After raking in profits, Wells Fargo plans to cut its workforce
If you’re still unsure who the GOP’s tax scam was always meant to help, look no further than Wells Fargo.
The banking giant is raking in profits. CEO Tim Sloan got a $4.6 million raise in March. But now Wells Fargo is about to downsize its workforce by 5-10%, putting tens of thousands of people out of a job.
It’s just another reminder of the agenda behind the tax scam, enacted to line the pockets of those at the top—not workers. And it’s why Sherrod fights so hard every day to level the playing field. If you’re with him, show your support now:
USA Today: Wells Fargo plans 5% to 10% workforce cut that could affect 26,500 positions
Kevin McCoy and Janna Herron – September 20, 2018
Key points:
- Wells Fargo plans to cut its workforce by 5 to 10% within the next three years.
- The San Francisco-based bank has roughly 265,000 team members, company records show. Given the estimated personnel headcount, the projected downsizing plan could affect as many as 26,500 Wells Fargo positions under a 10% reduction.

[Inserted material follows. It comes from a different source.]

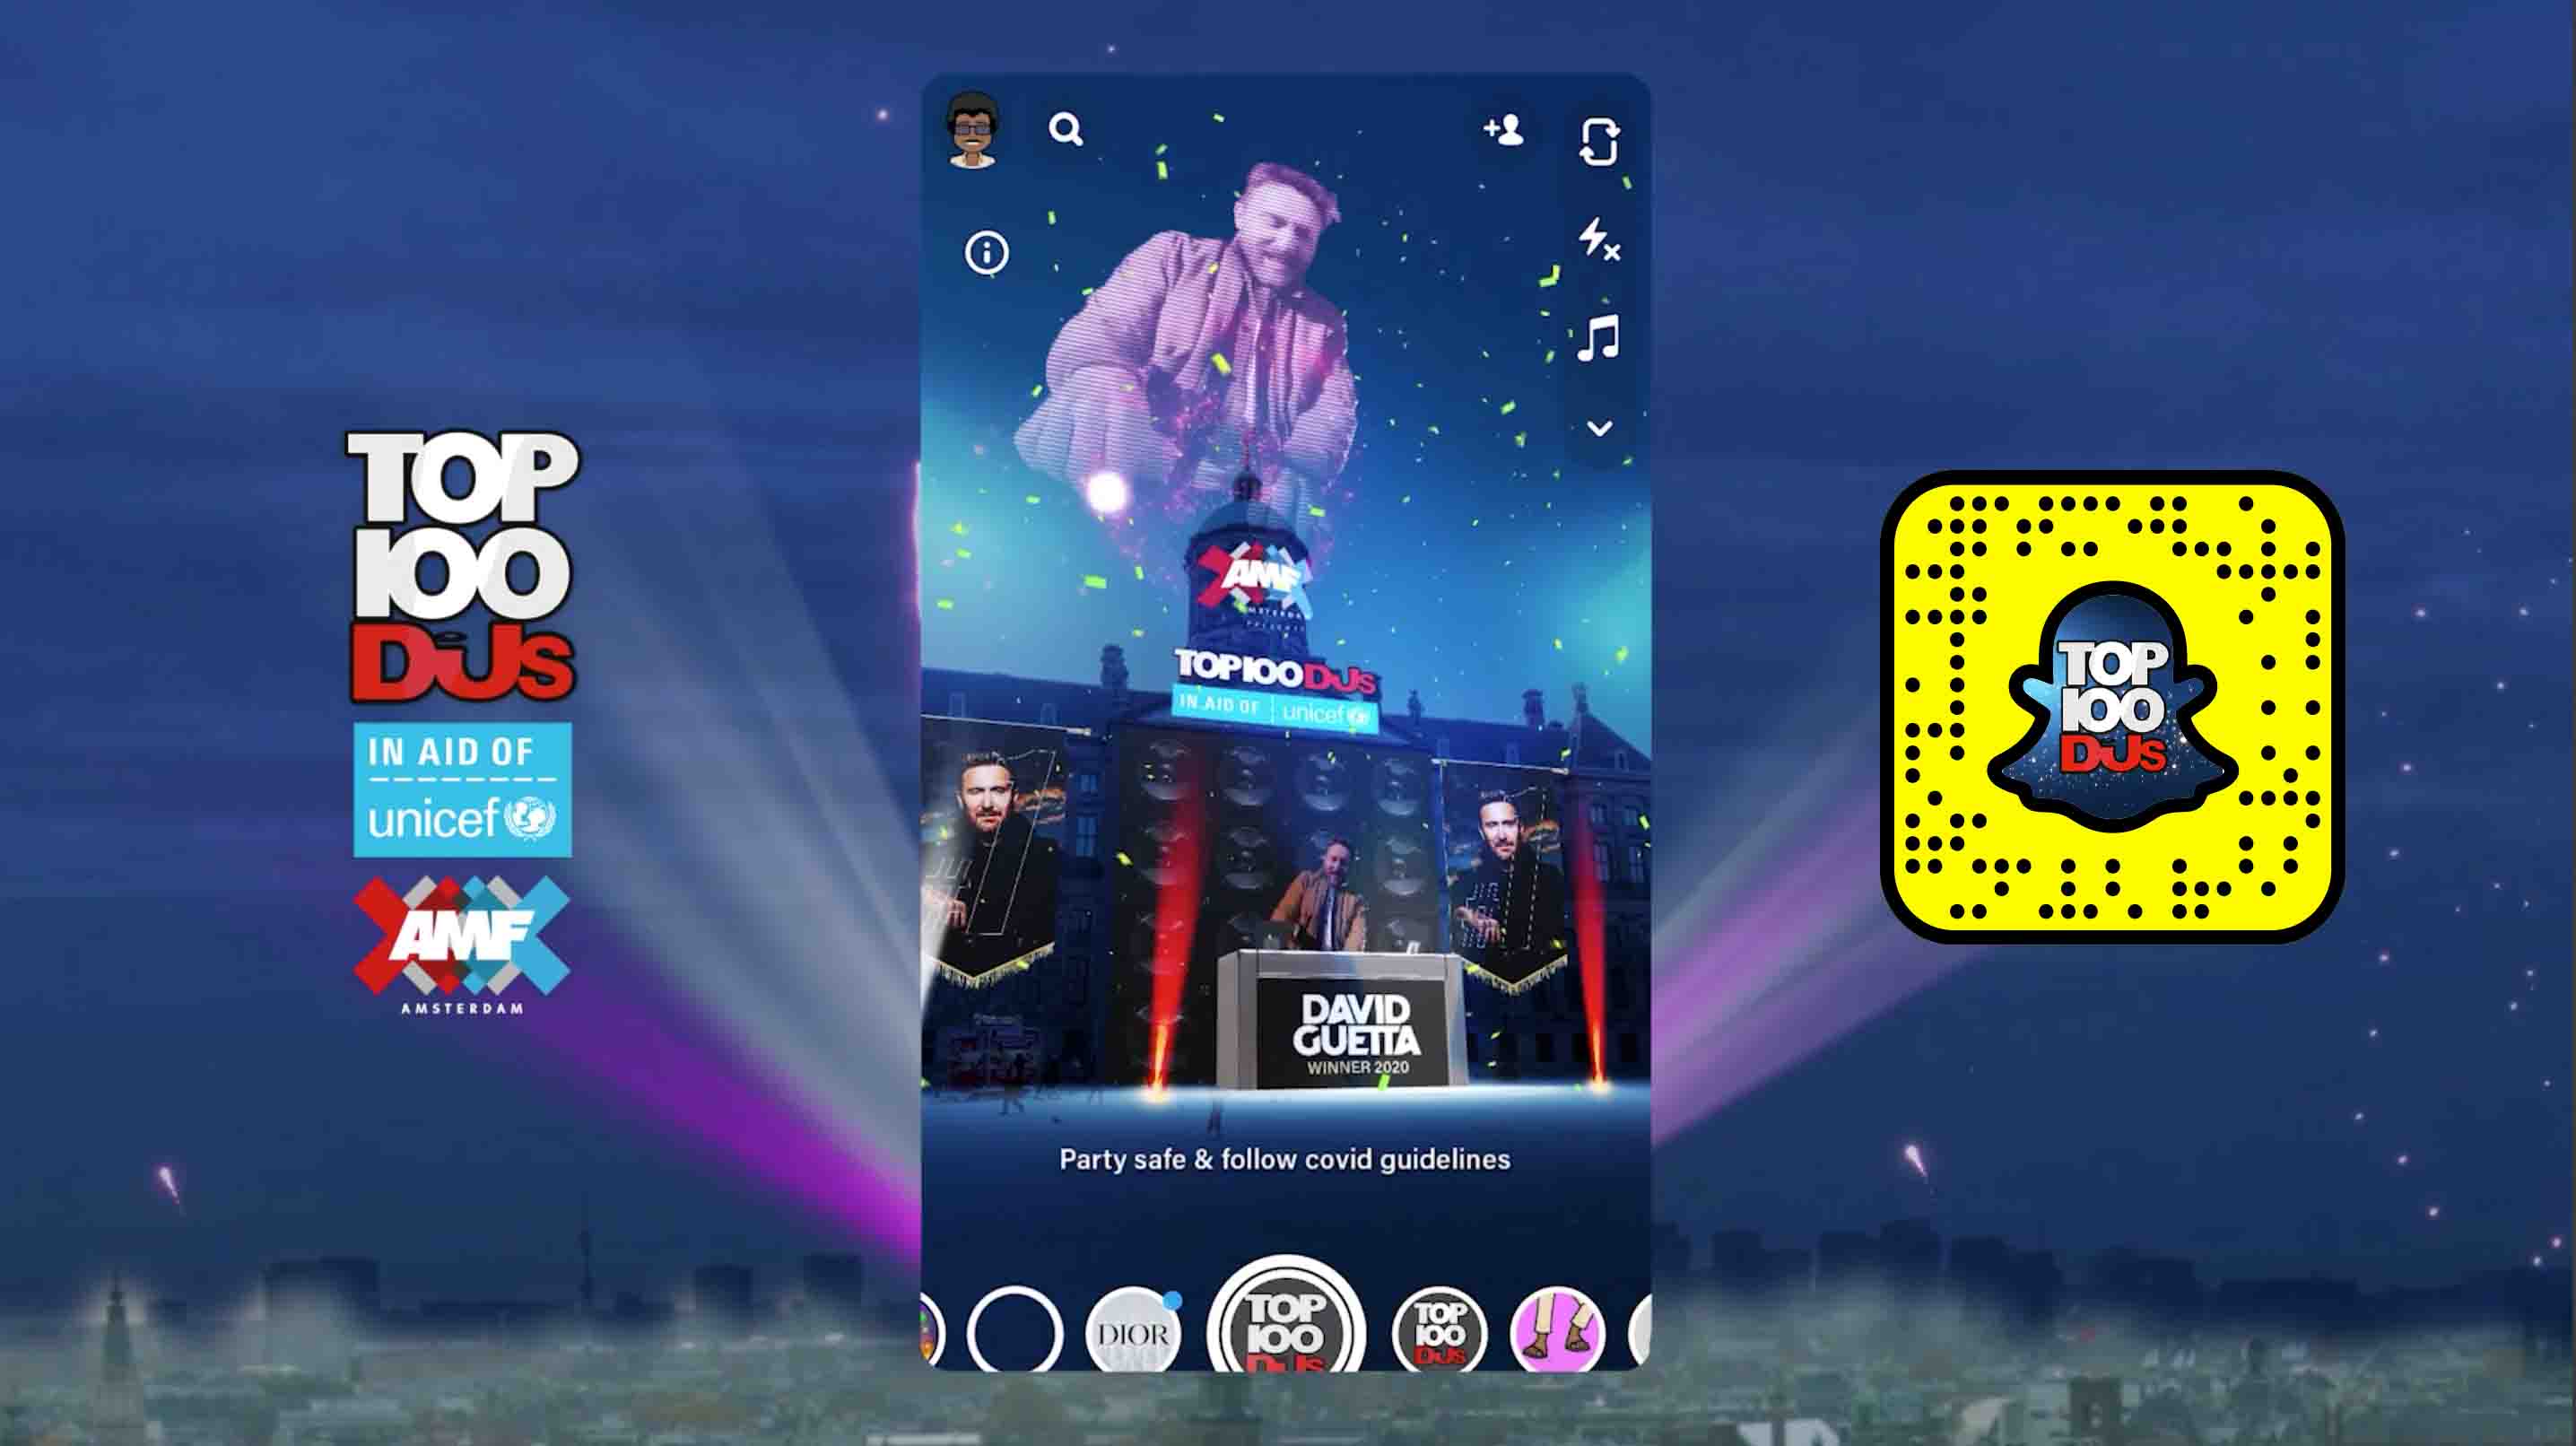 Dj Mag Partners With Snapchat To Present David Guetta In Ar Djmag Com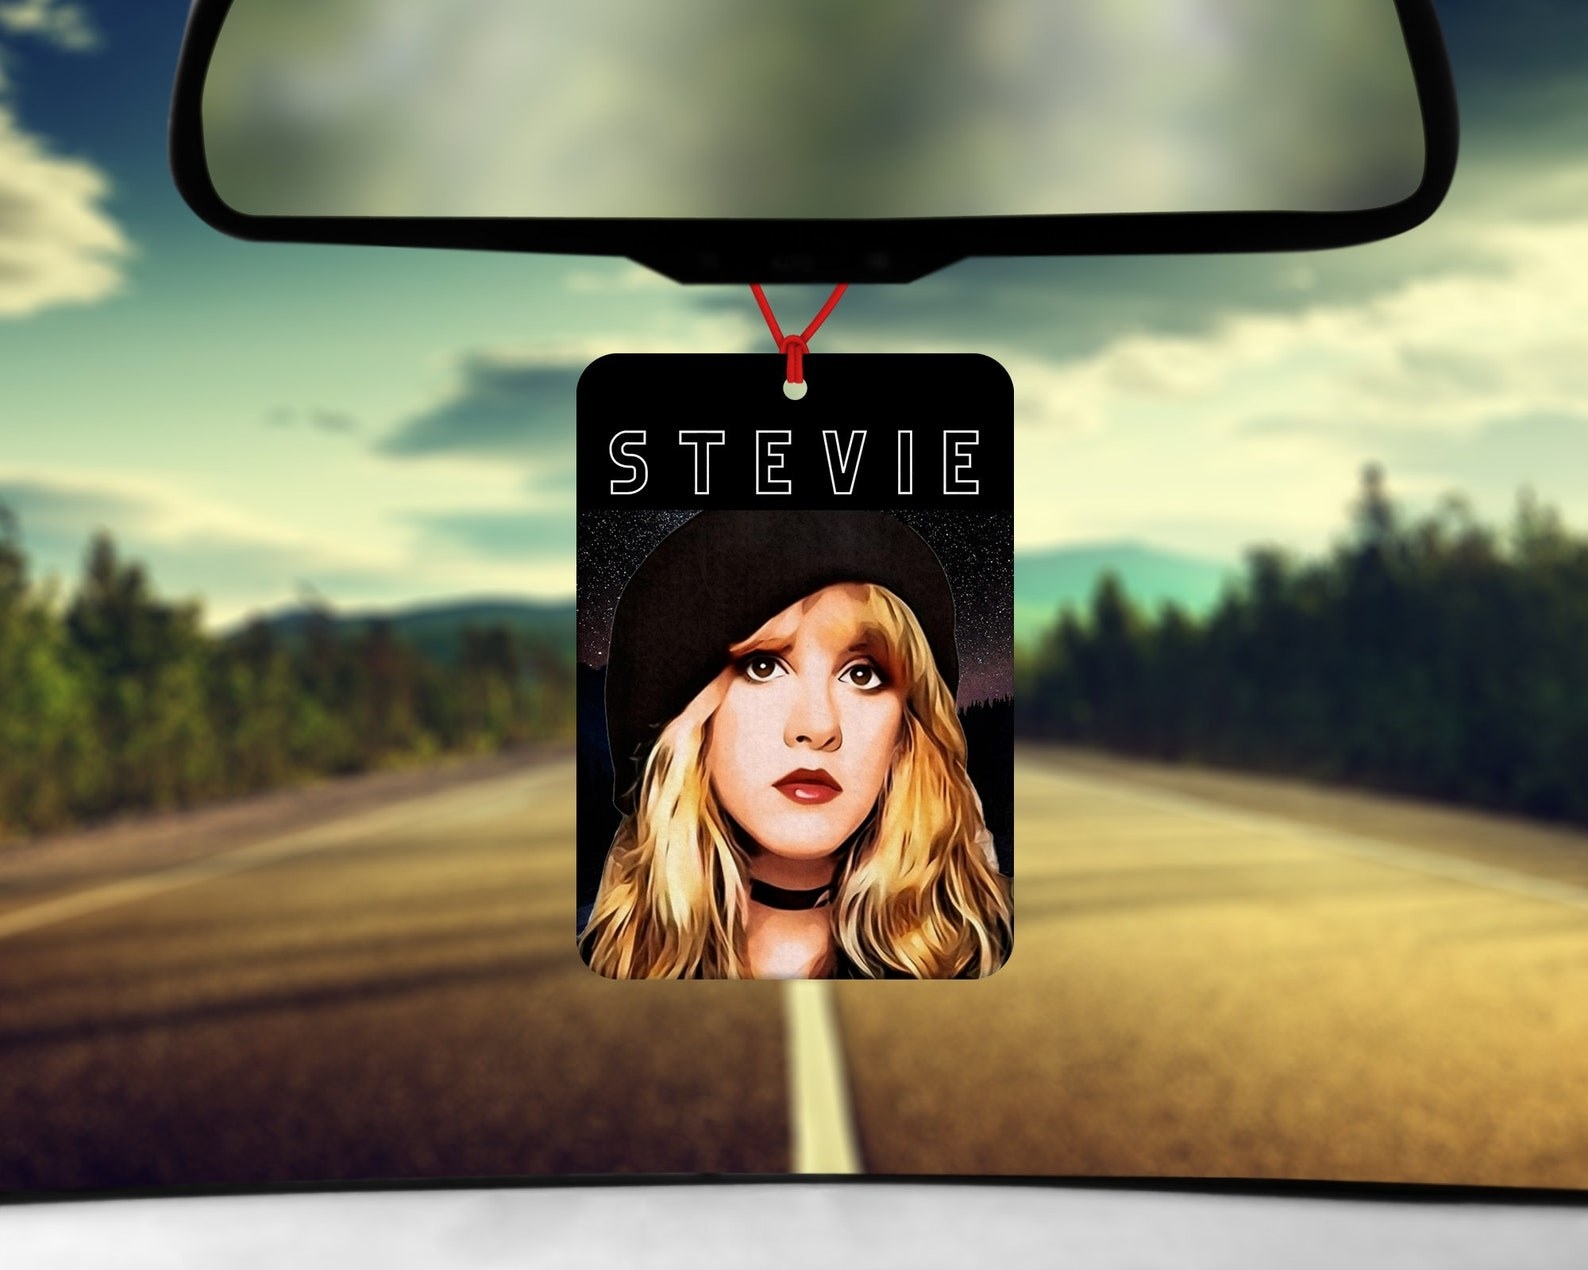 The air freshener which is a photo of a young Stevie Nicks

- Sloan told company employees the downsizing represented a response to “changing customer preferences, including the accelerating adoption of digital self-service capabilities.” He similarly cited an “ongoing commitment to efficiency.”
- The workforce downsizing “will not have much of an impact on the bank’s bottom line,” predicted Michael Moebs, the CEO of Moebs Services, a research firm for the financial services industry.”
- The bank was hit with $185 million in civil penalties in Sept. 2016 as the Consumer Financial Protection Bureau, the Office of the Comptroller of the Currency and Los Angeles legal officials said Wells Fargo’s retail sales policies and the bank’s managers pushed employees to open as many customer accounts as possible.